Try to find yourself some low/zero strength cigars. 

Nicotine will do that to some people.


----------



## Tackett (Sep 7, 2008)

sullen said:


> oh i see you used to smoke and not had this reaction?
> just read that part....
> idk what to tell you then...
> something evil may be going on inside your body to cause this.


yeah thats the weird part?
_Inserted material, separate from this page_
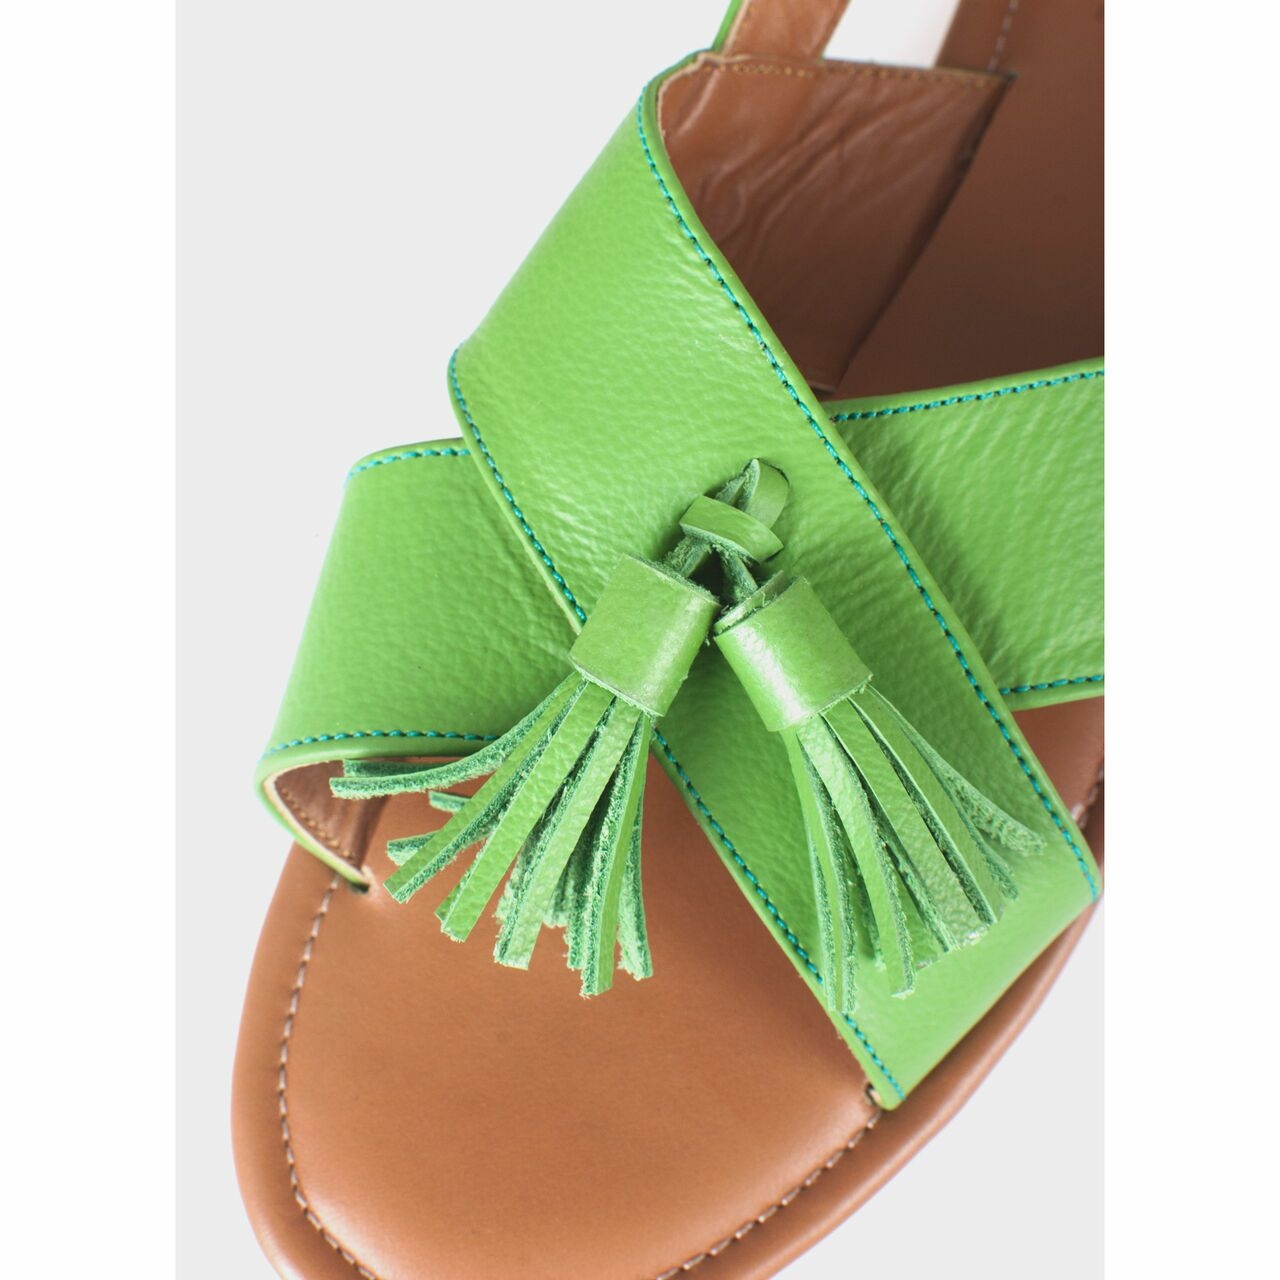 Aschas Light Green Sandals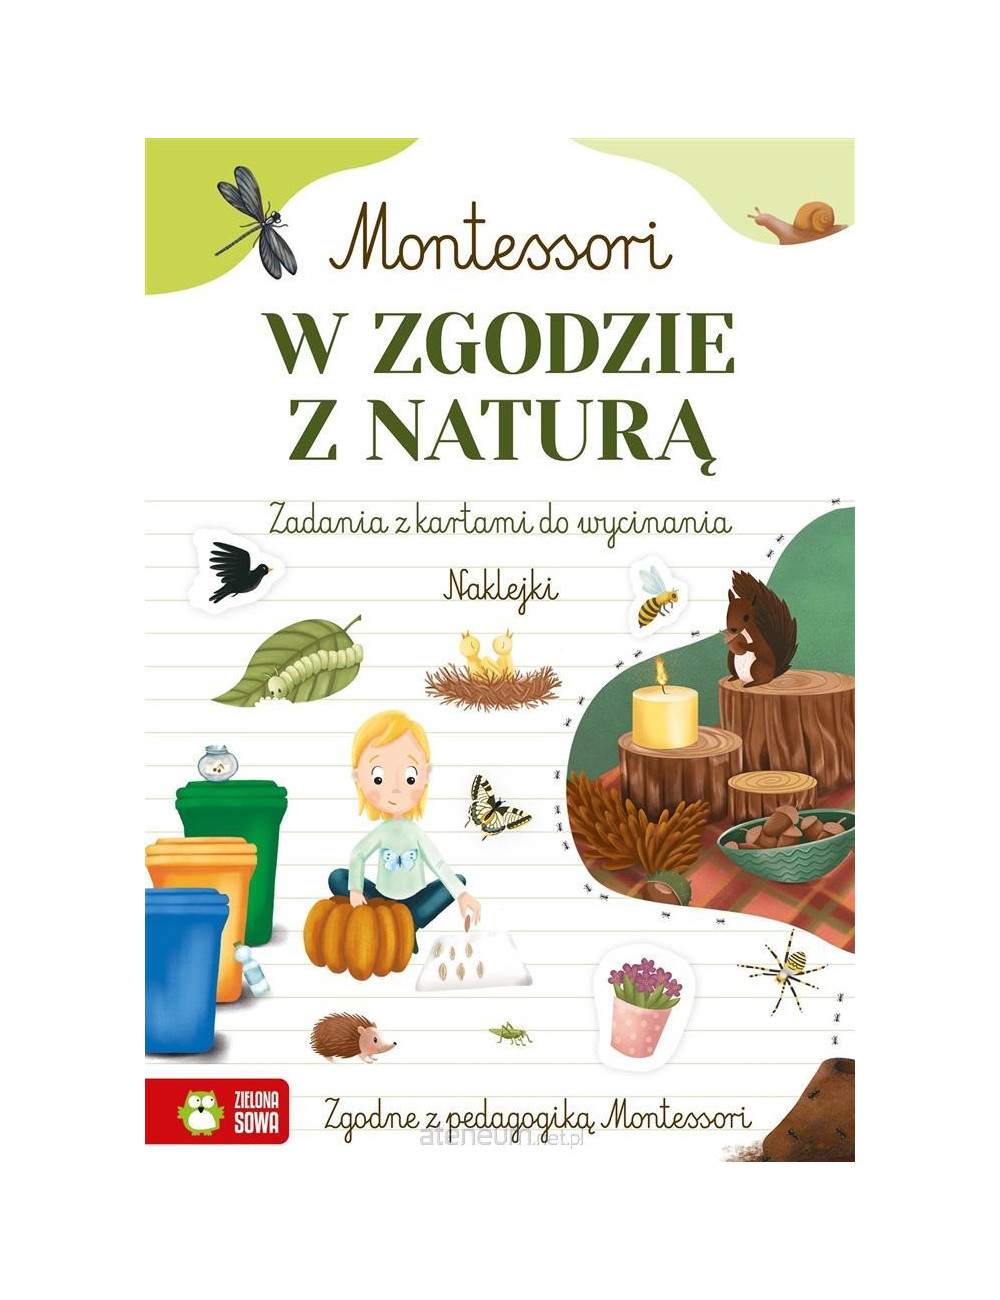 Montessori. Polska i świat, Zielona Sowa

I've never had this problem in the past.


----------



## asmartbull (Aug 16, 2009)

Not uncommon. ..a week or 2 and your body will get used to it and life will get back to normal


----------



## mrpipster (Jan 14, 2013)

sullen said:


> lol, short answer... nicotine is basically a laxative, if you're THAT sensitive to it, you're kinda screwed.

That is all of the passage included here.